* _Task brief_: All the lines below need to be transcribed exactly. Pictures get left out.

* _Data segment_:
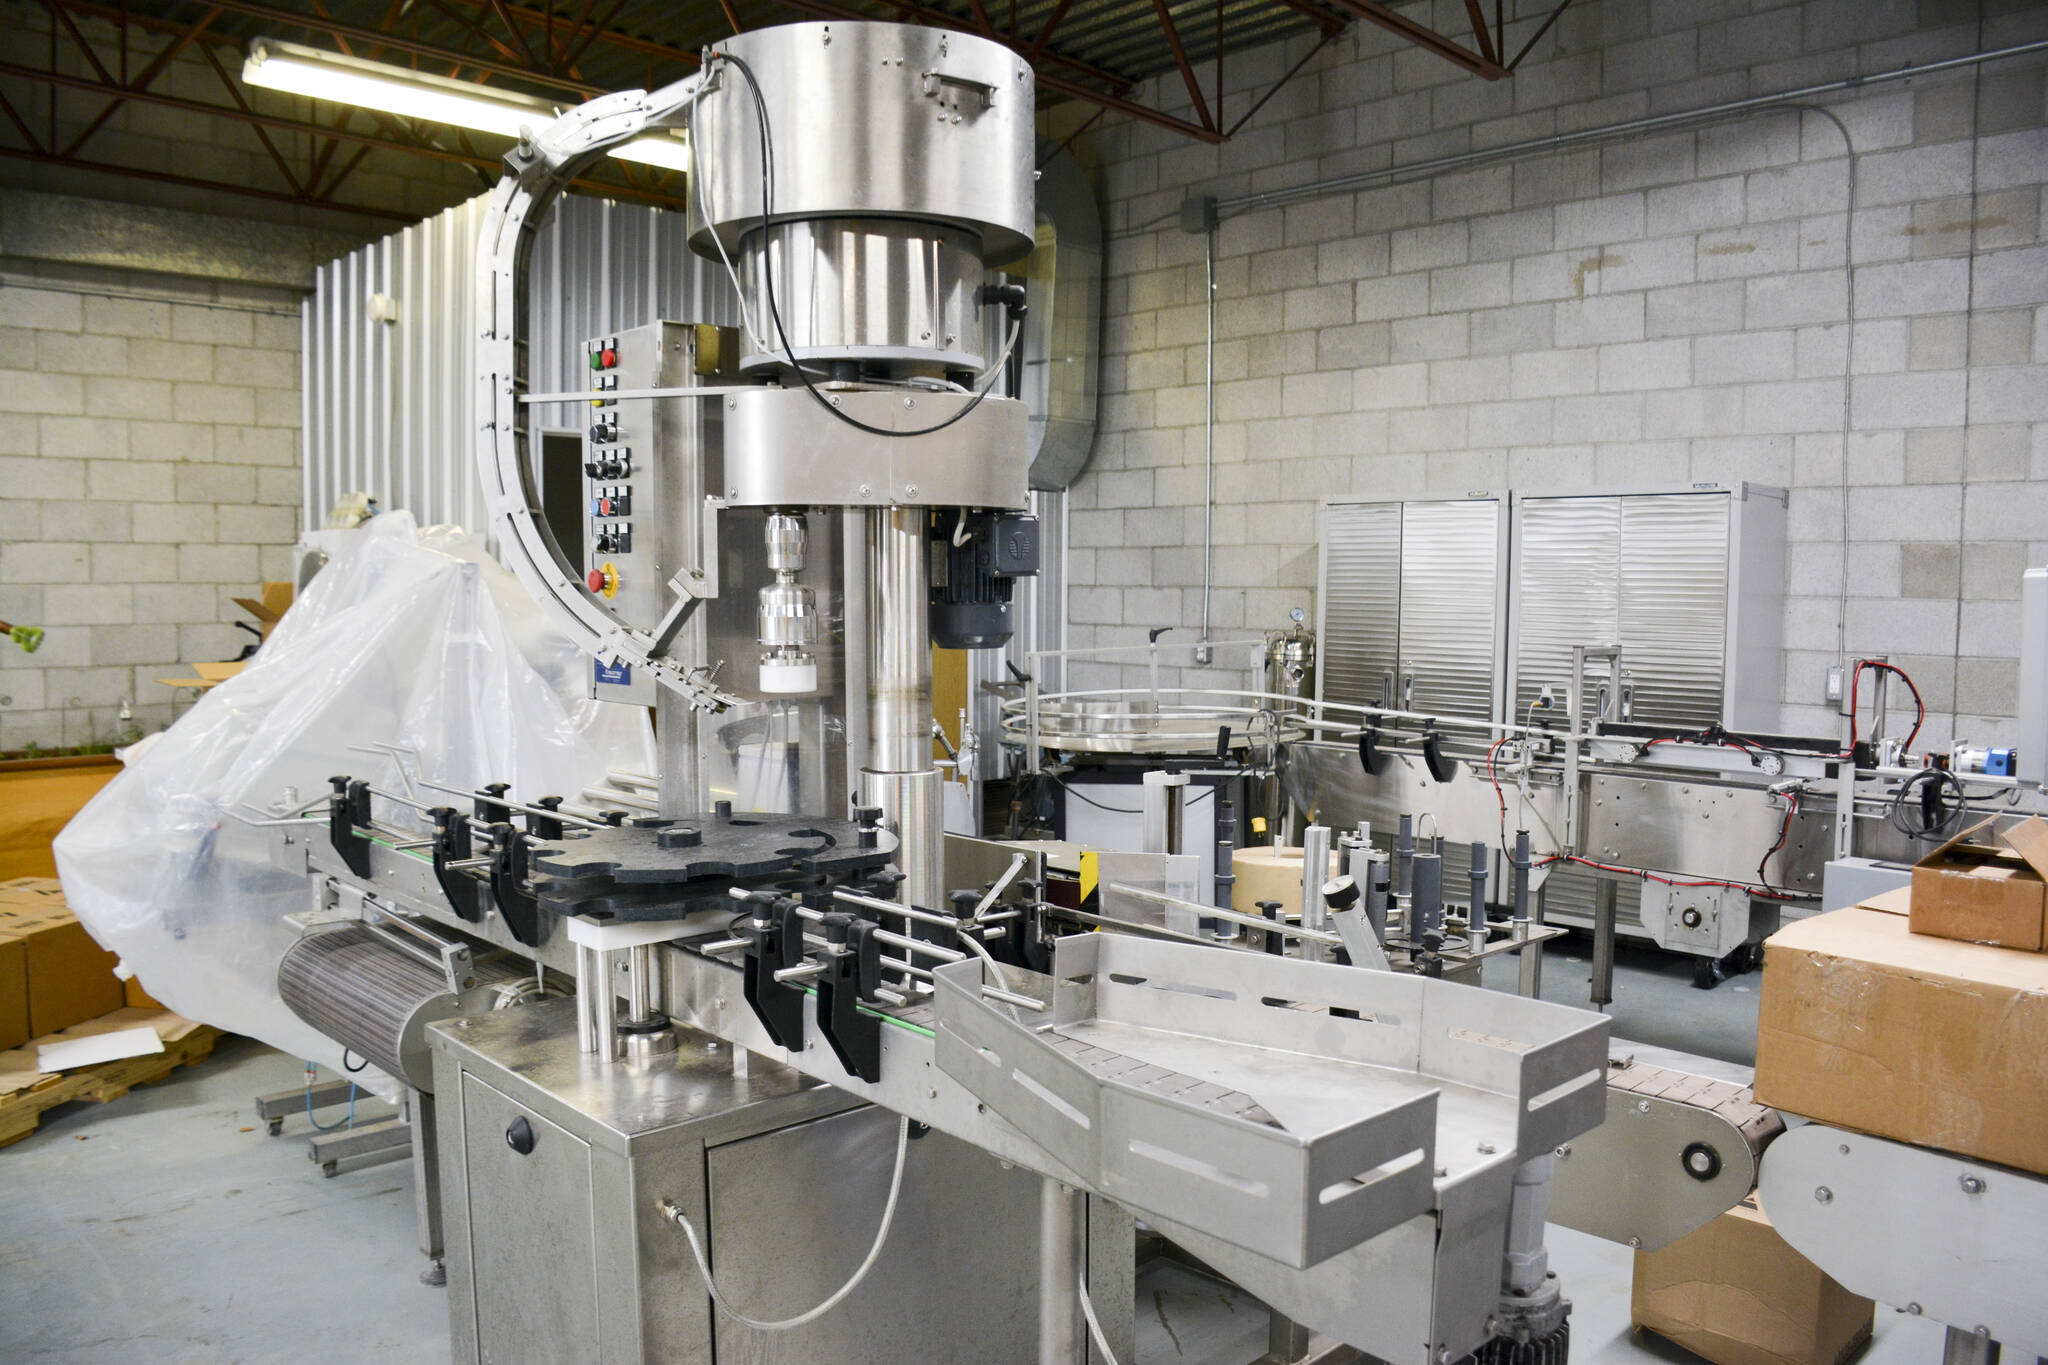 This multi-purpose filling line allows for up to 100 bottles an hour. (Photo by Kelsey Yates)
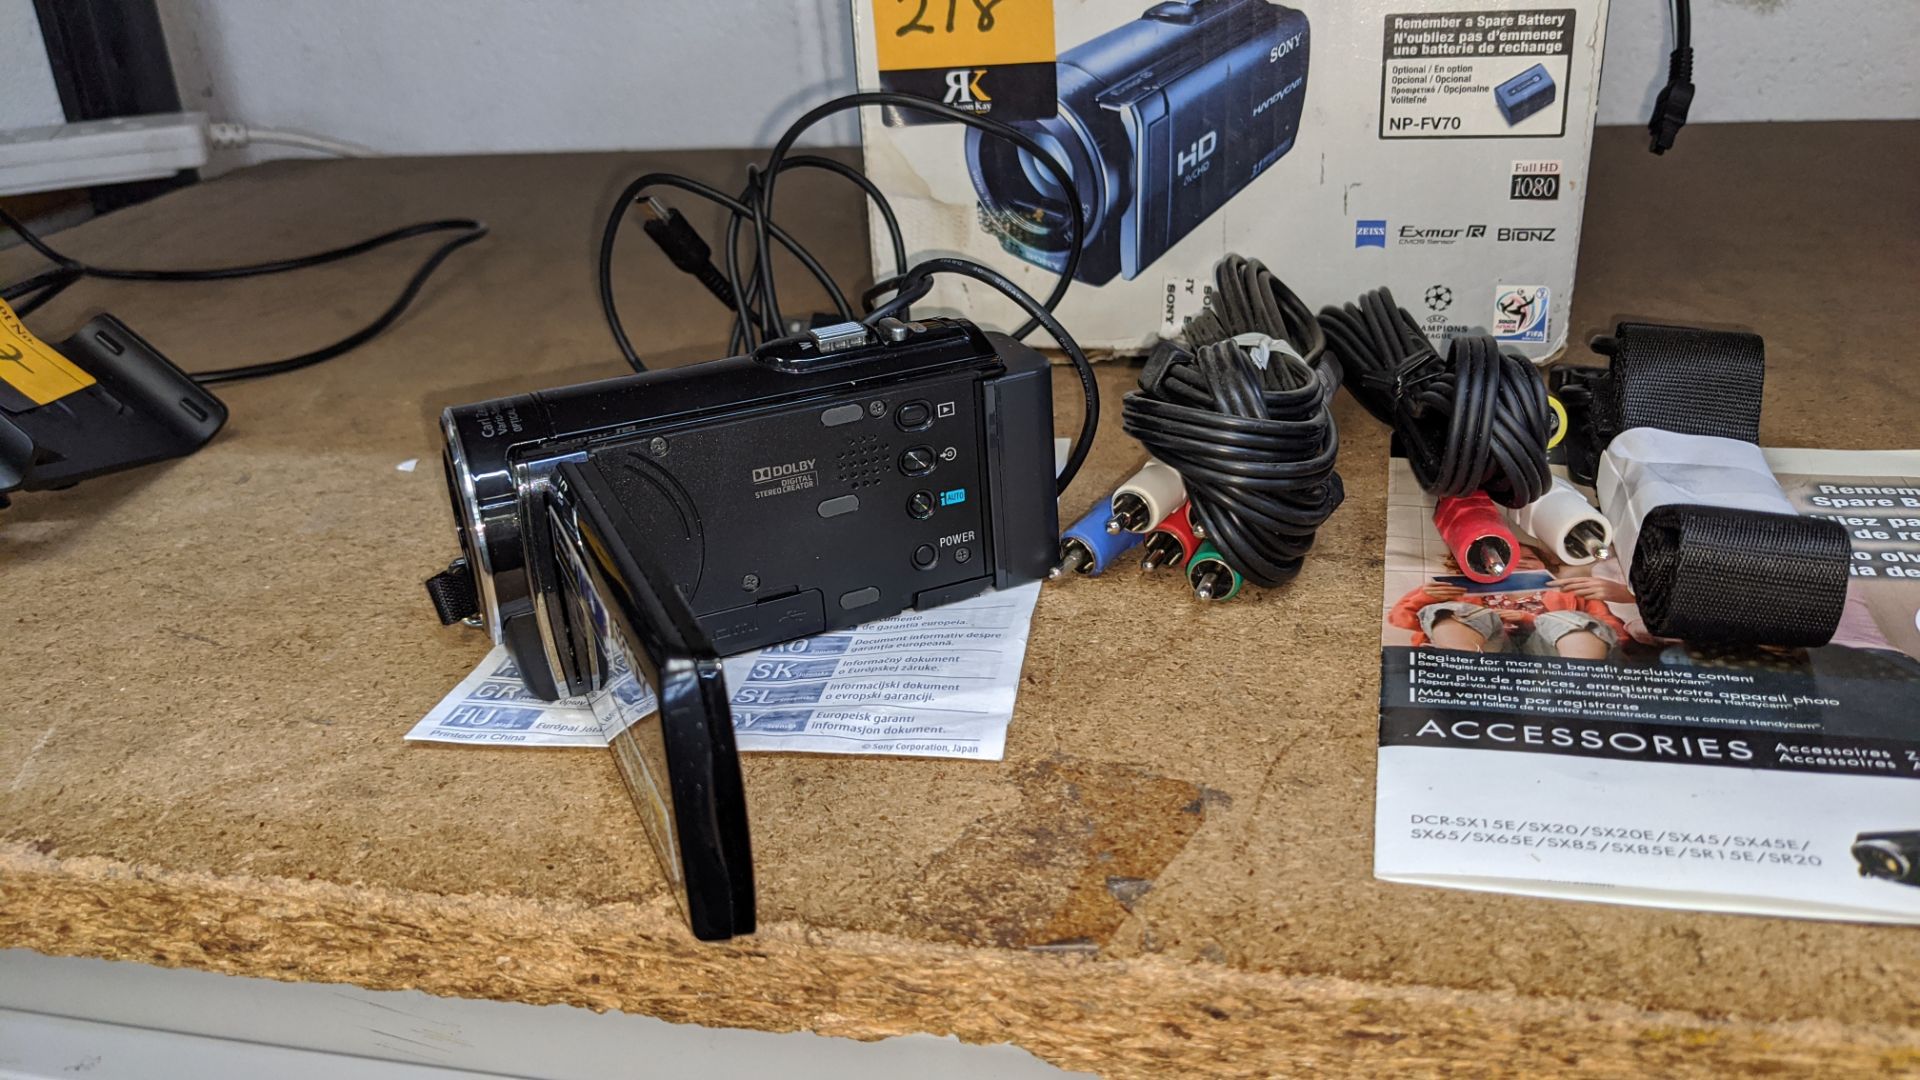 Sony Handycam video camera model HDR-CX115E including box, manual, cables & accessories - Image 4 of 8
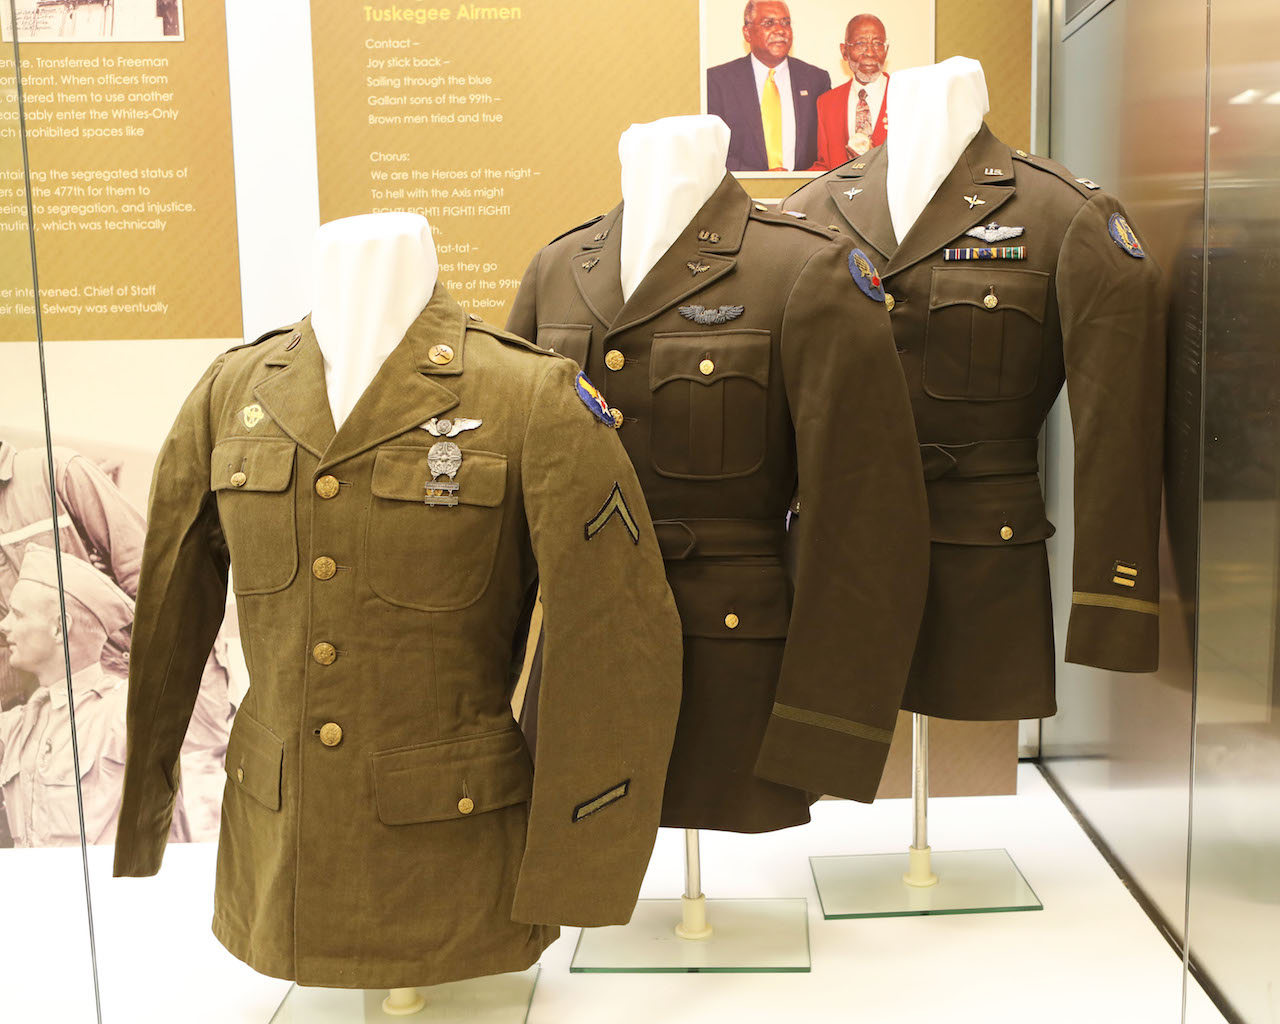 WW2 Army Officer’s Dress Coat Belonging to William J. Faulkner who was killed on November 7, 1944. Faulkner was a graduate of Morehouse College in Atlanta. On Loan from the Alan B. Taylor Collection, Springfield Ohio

* _The completed task_:
 This multi-purpose filling line allows for up to 100 bottles an hour. (Photo by Kelsey Yates)
 Sony Handycam video camera model HDR-CX115E including box, manual, cables & accessories - Image 4 of 8
 WW2 Army Officer’s Dress Coat Belonging to William J. Faulkner who was killed on November 7, 1944. Faulkner was a graduate of Morehouse College in Atlanta. On Loan from the Alan B. Taylor Collection, Springfield Ohio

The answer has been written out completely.